Azul: Of course not. I mean they don't know what axiom of choice is.

Simone: And why set theory is important for people I mean.

Azul: I mean, I don't even know if a mathematician… I'm not sure mathematicians know why set theory is important in general, I think. Yeah.

Simone: Except for the fact that, I mean, yes, this is the foundation.

Azul: That's it. Not mathematicians. I usually say I do something in logic. Logic is a word that people know, right? And I mean, of course they don't know what logic, mathematical logic means, but there is a concept of logic, an idea. And then if they ask me more, I say, okay, there is a branch of logic that is set theory that studies more or less the foundations of math and the structure of how math works. So there are these meta mathematical questions that set theory takes care of.

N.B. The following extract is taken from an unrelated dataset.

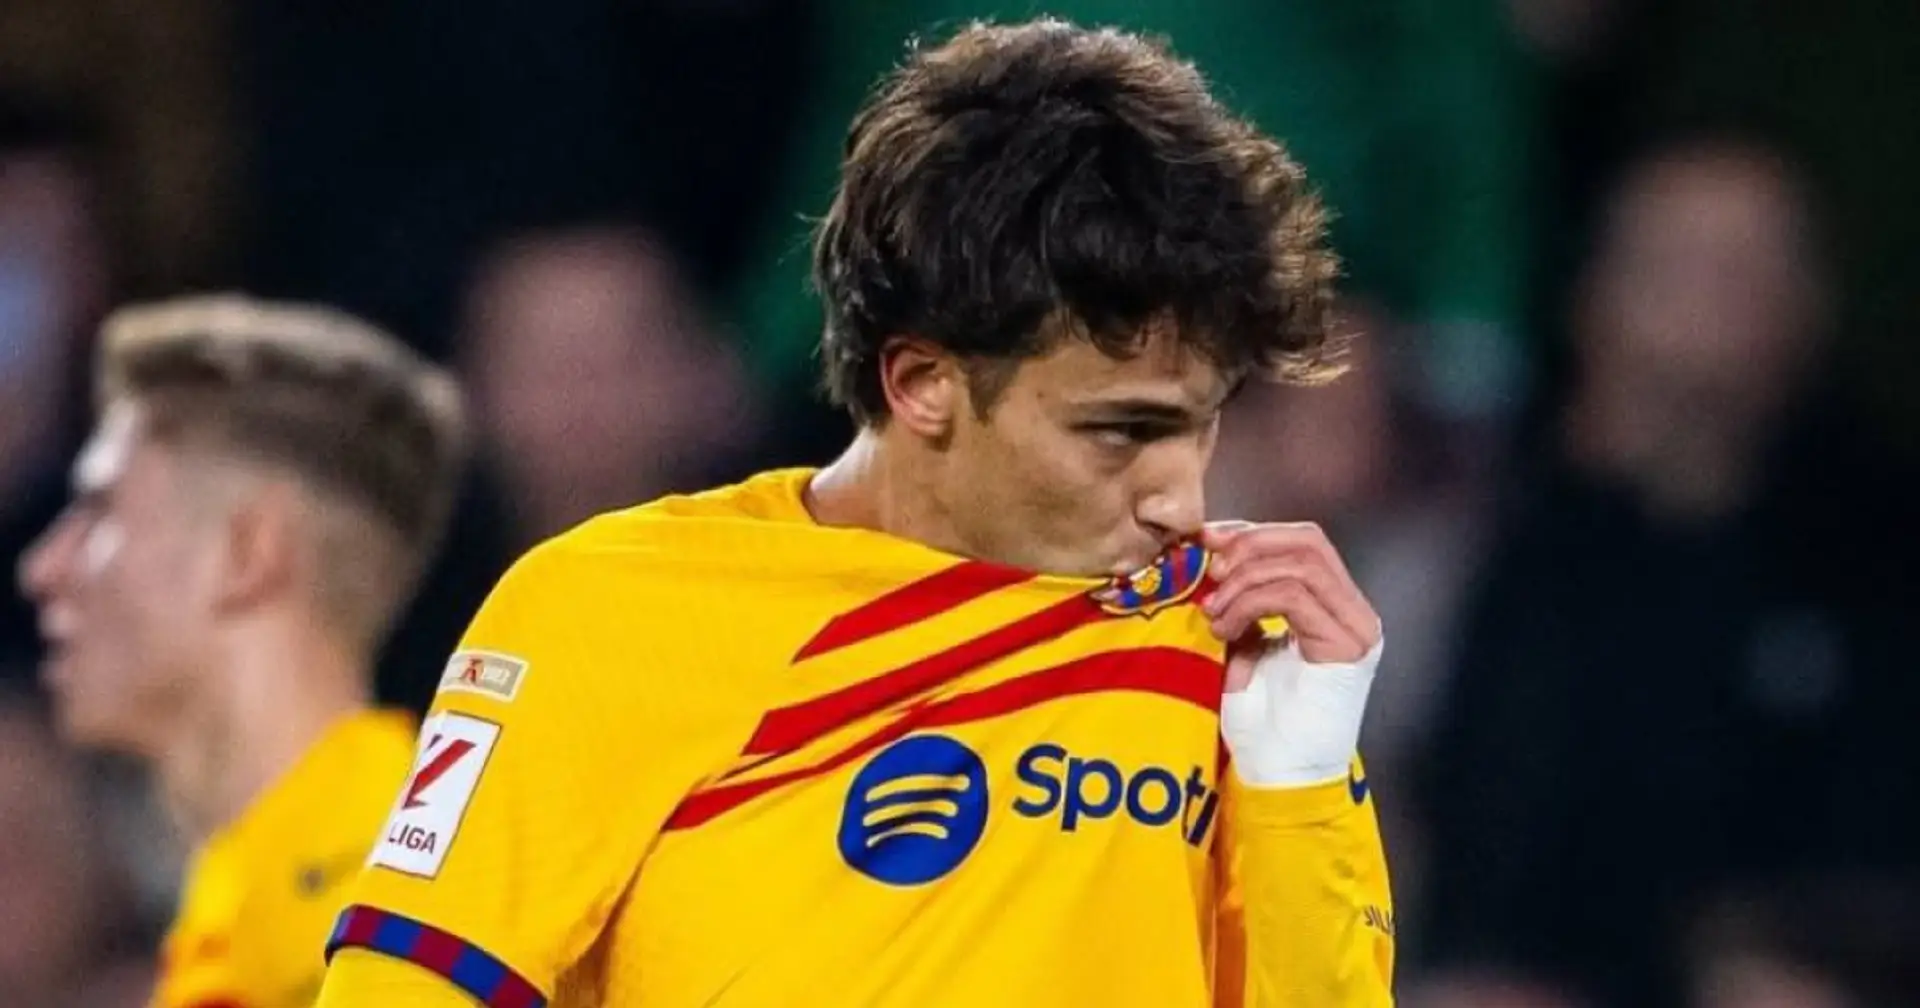 Xavi "pas convaincu" par Joao Felix - les deux conditions pour que l'attaquant reste au Barça révélées
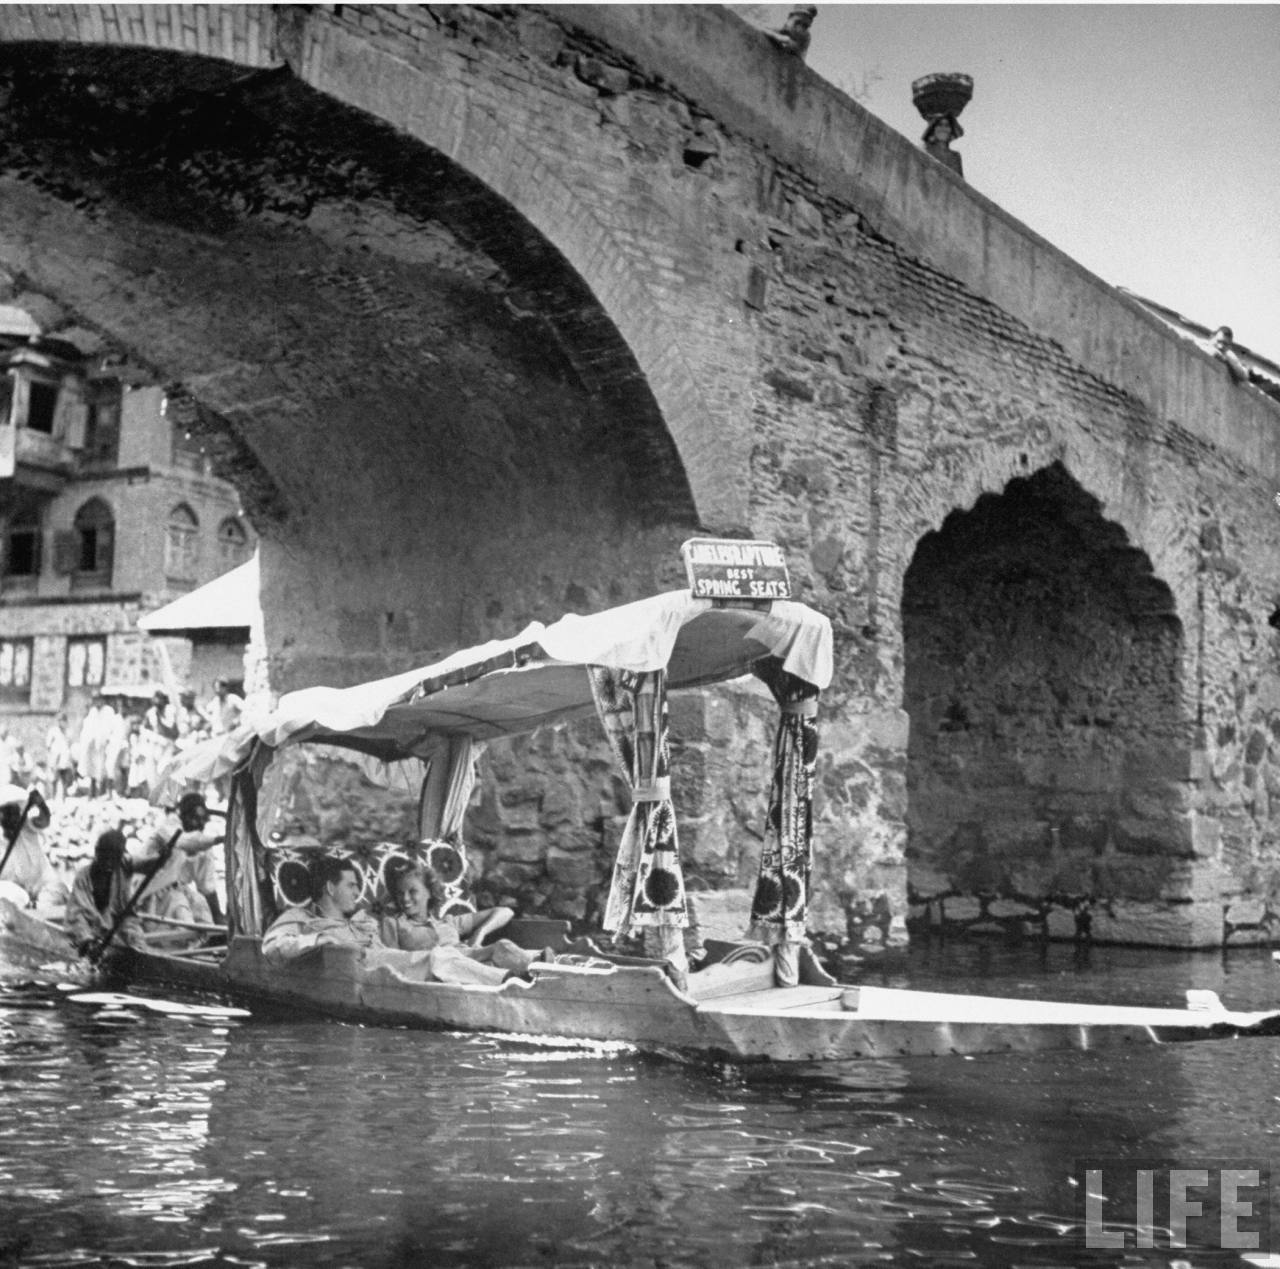  boat ride in Kashmir - 1943

Simone: I think I usually tell people we do, like what linguists do to the real world, like, people study the language in which people communicate and logicians study the linguistics of mathematics.

Azul: Yeah, it could be.

Simone: In terms of funding, probably it's a similar parallel.

Azul: In terms of funding?

Simone: We get as much funding as the linguistics people.

Azul: Yes. I'm not sure I don't have any idea of this.

Simone: Yeah. But I imagined it’s not much, as all humanities people.

Azul: I mean, I agree on what you're saying, but in particular set theory I like more to simplify as the math of math. I think because you're not using linguistics to study, you know, the language of real life, it's like a different thing. Right? Linguistics is different from real world or, or the language that is spoken. But the theory is itself a part of math. And I think that's one of the most beautiful things.

Simone: And the most confusing.

Azul: And it's super confusing. But this thing… I mean, math can study things that are things of math. And when you say this to people, even if they are not mathematicians, it is like, what? How do you do that?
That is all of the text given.